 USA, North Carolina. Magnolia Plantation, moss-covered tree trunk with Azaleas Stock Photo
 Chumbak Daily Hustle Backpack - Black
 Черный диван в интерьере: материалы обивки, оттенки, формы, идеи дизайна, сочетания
· · · ·
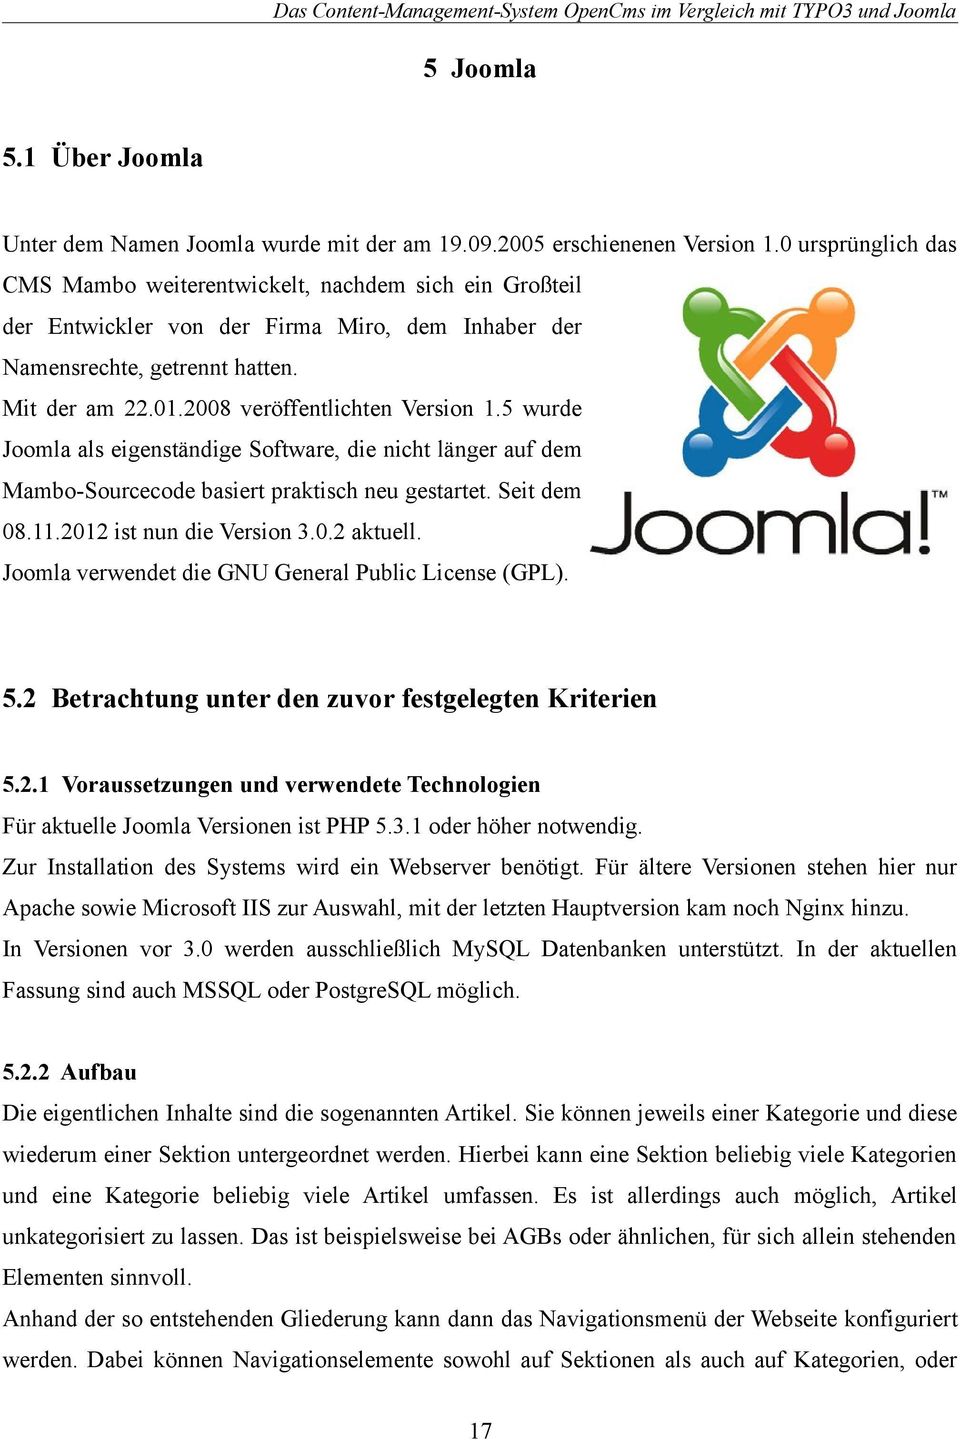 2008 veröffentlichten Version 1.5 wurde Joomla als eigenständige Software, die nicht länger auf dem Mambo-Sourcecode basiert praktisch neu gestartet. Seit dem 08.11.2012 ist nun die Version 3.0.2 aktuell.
· · · ·
:: PROBLEM DESCRIPTION ::
Go back to the listing above. Copy word for word the lines from the one with "USA, North Carolina." through the one with "Черный диван в", and nothing more.

:: FINISHED TASK ::
 USA, North Carolina. Magnolia Plantation, moss-covered tree trunk with Azaleas Stock Photo
 Chumbak Daily Hustle Backpack - Black
 Черный диван в интерьере: материалы обивки, оттенки, формы, идеи дизайна, сочетания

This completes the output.